Your response is a verbatim copy of the listing, stripped of its images.

Data block.
+--
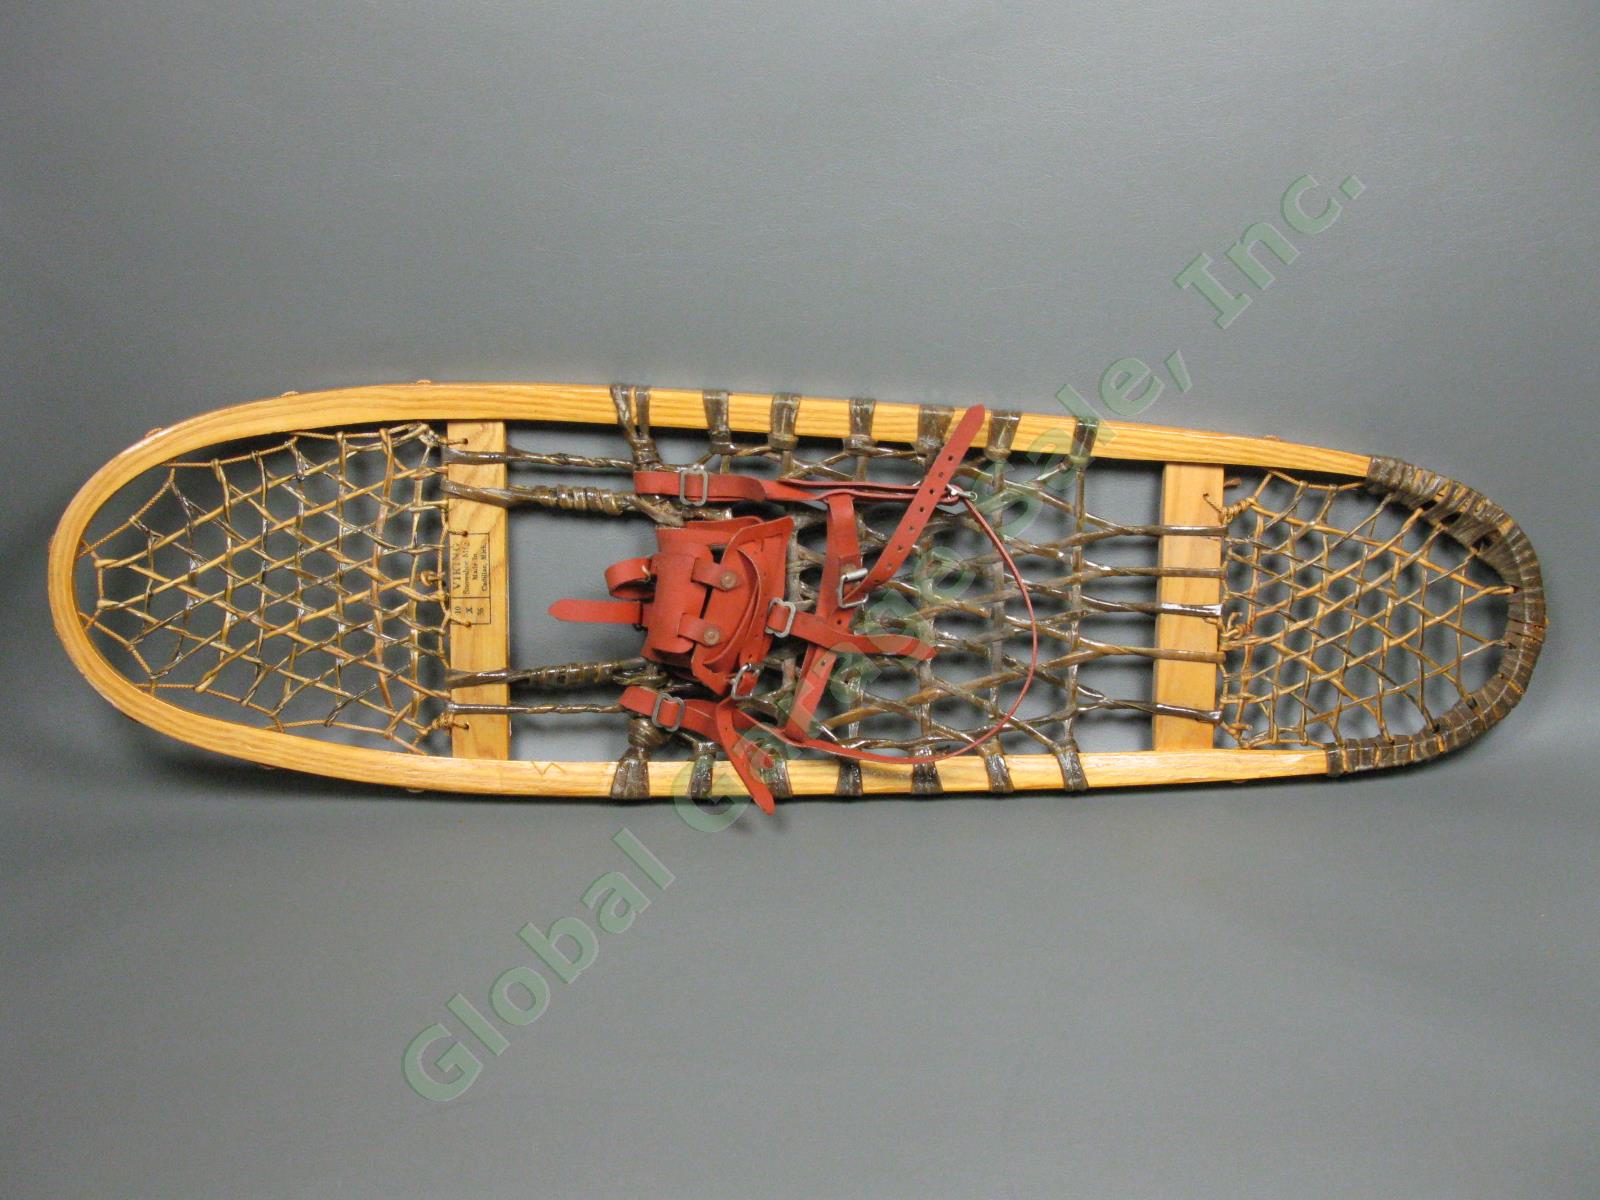 Vintage Viking Wooden Snowshoes 10"x36" Cadillac Michigan Cabin Decor MINT COND 8
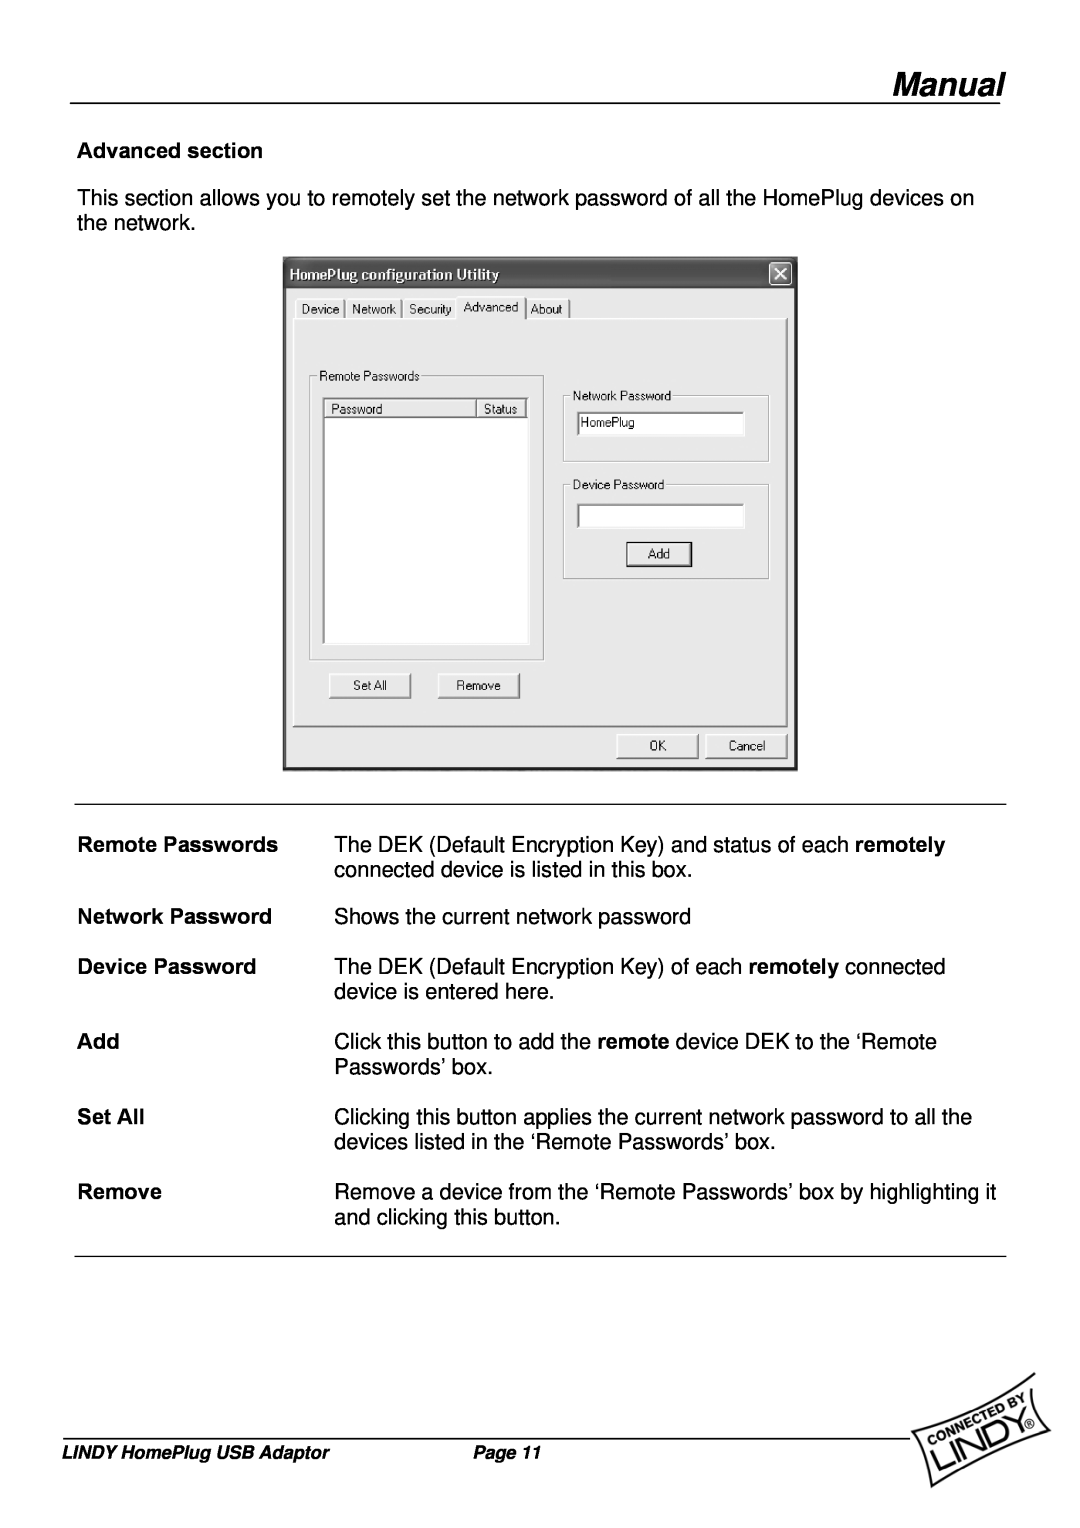 Lindy 25121 user manual Manual, The DEK Default Encryption Key and status of each remotely 
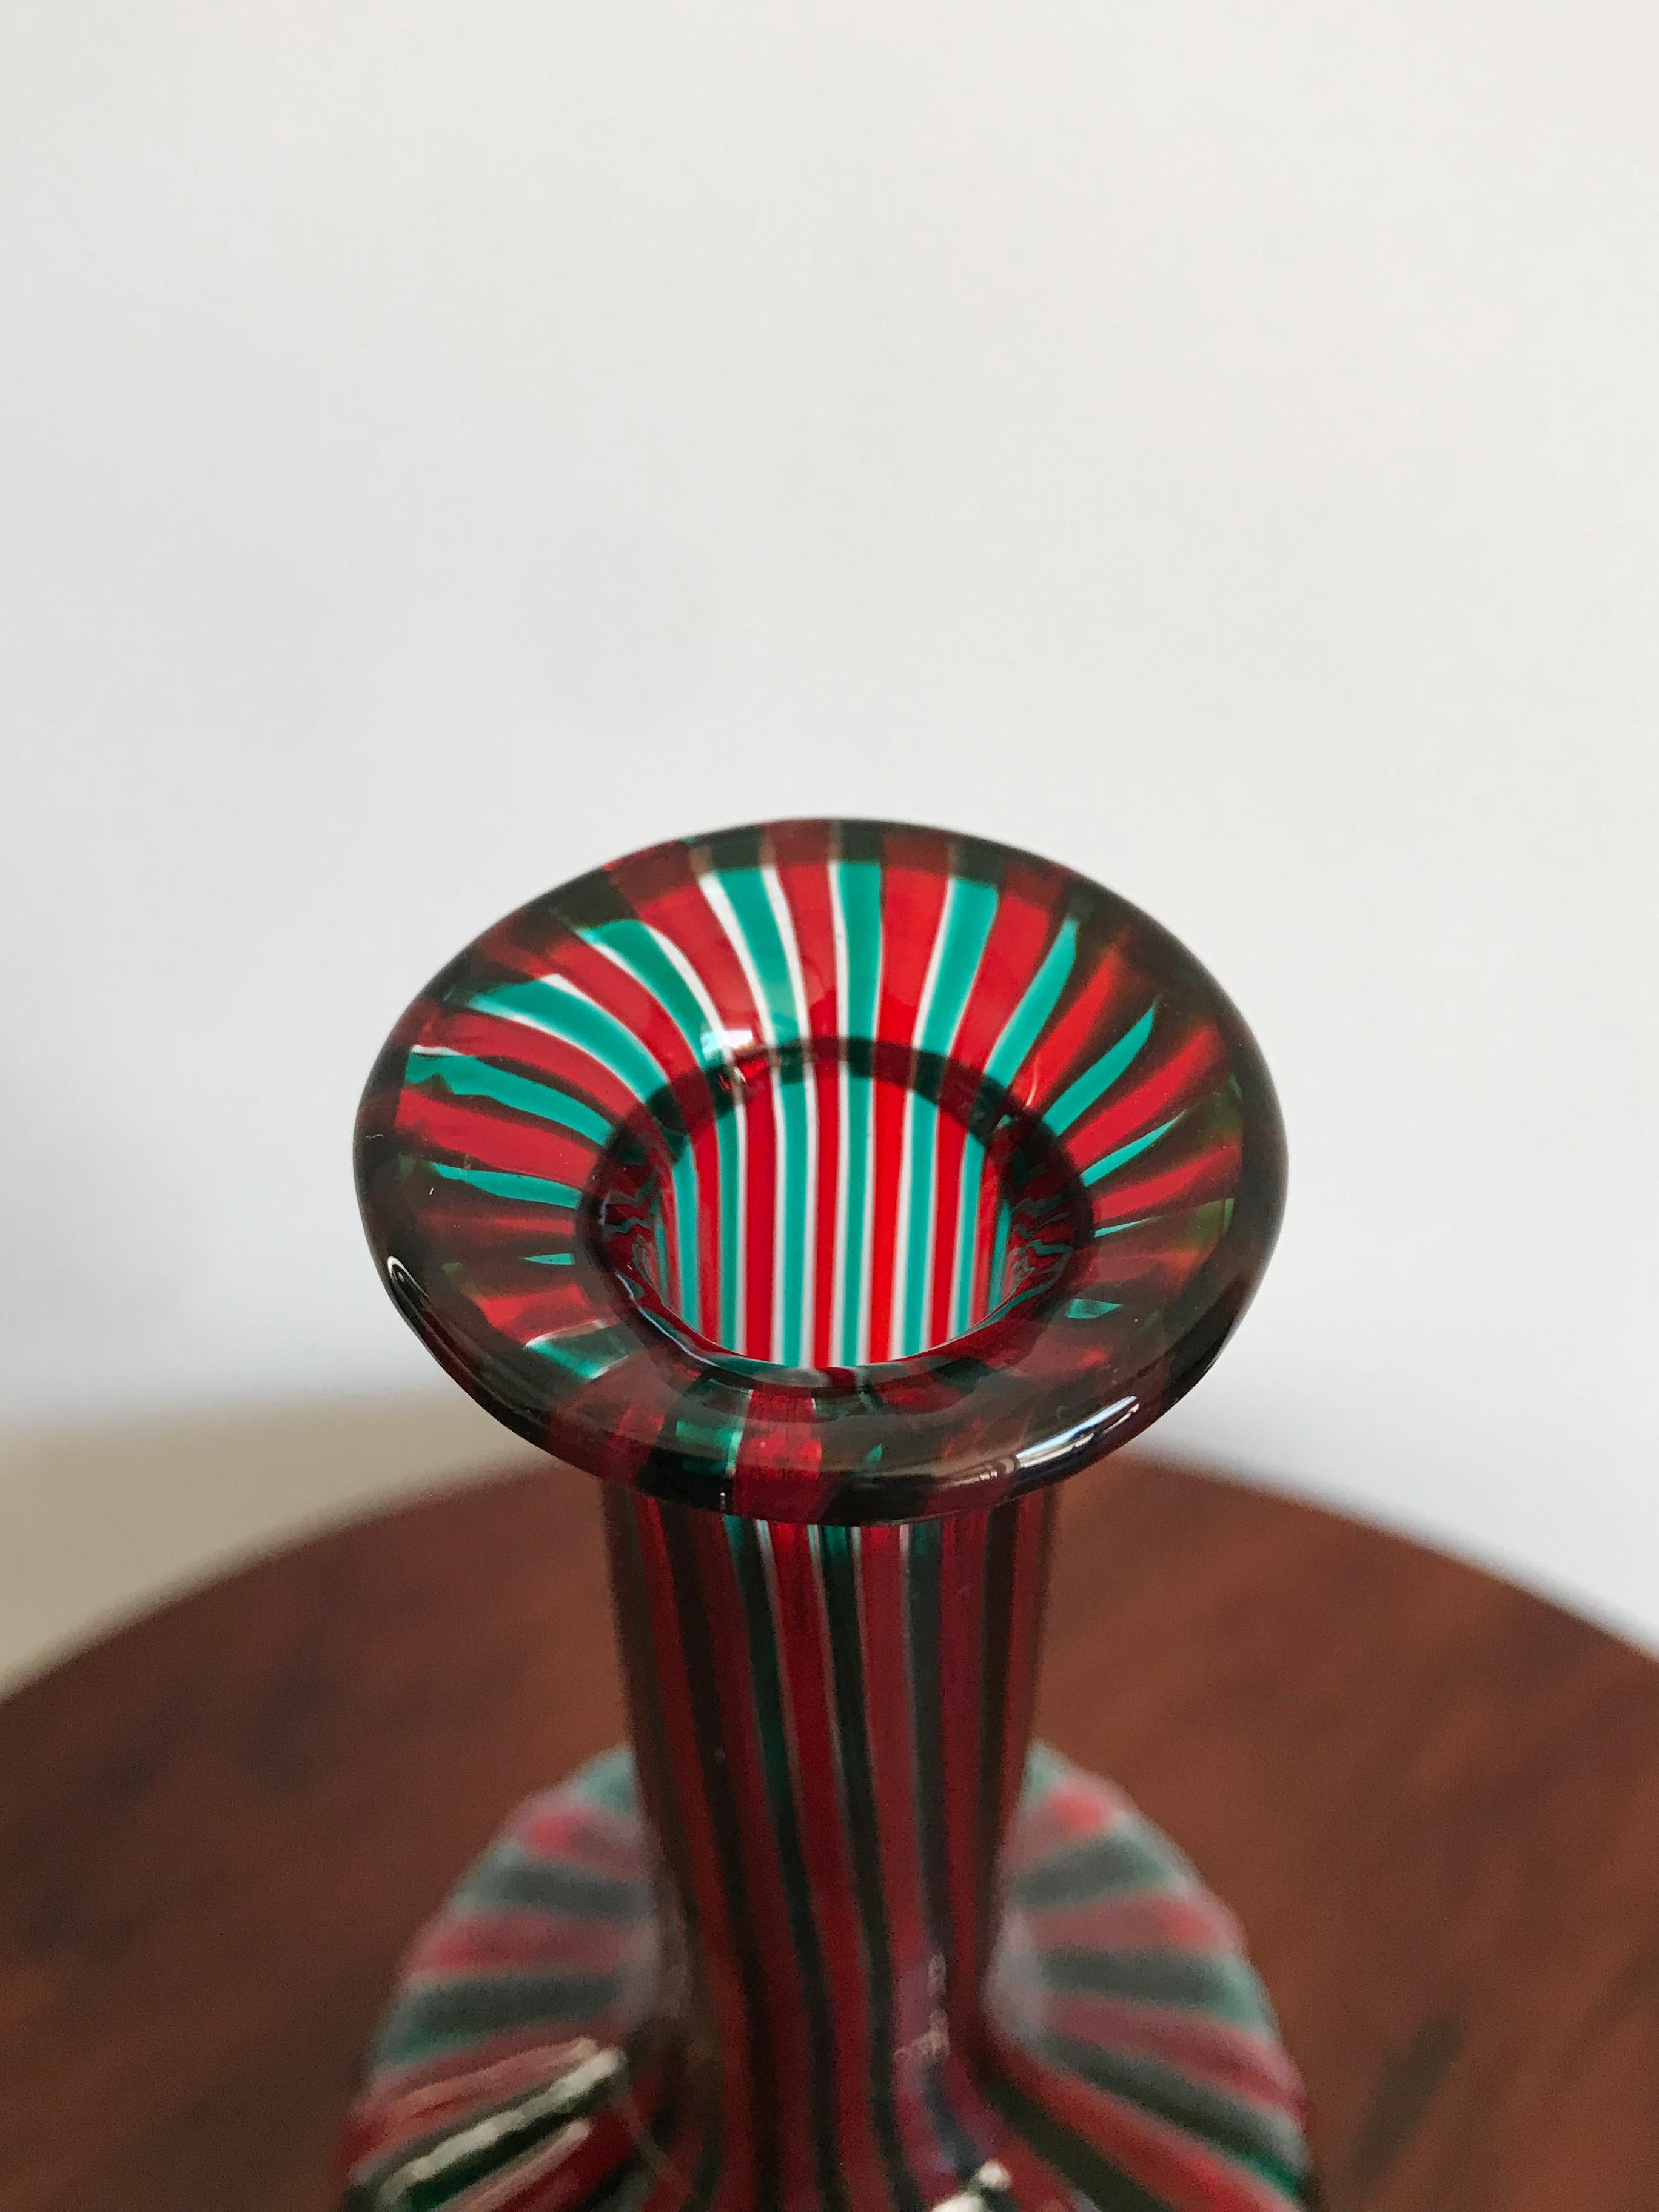 Mid-Century Modern Fulvio Bianconi for Venini Murano Italy Red and Green Glass Bottle, 1988 For Sale
+--
Finished task.
 Vintage Viking Wooden Snowshoes 10"x36" Cadillac Michigan Cabin Decor MINT COND 8
 Lindy 25121 user manual Manual, The DEK Default Encryption Key and status of each remotely 
 Mid-Century Modern Fulvio Bianconi for Venini Murano Italy Red and Green Glass Bottle, 1988 For Sale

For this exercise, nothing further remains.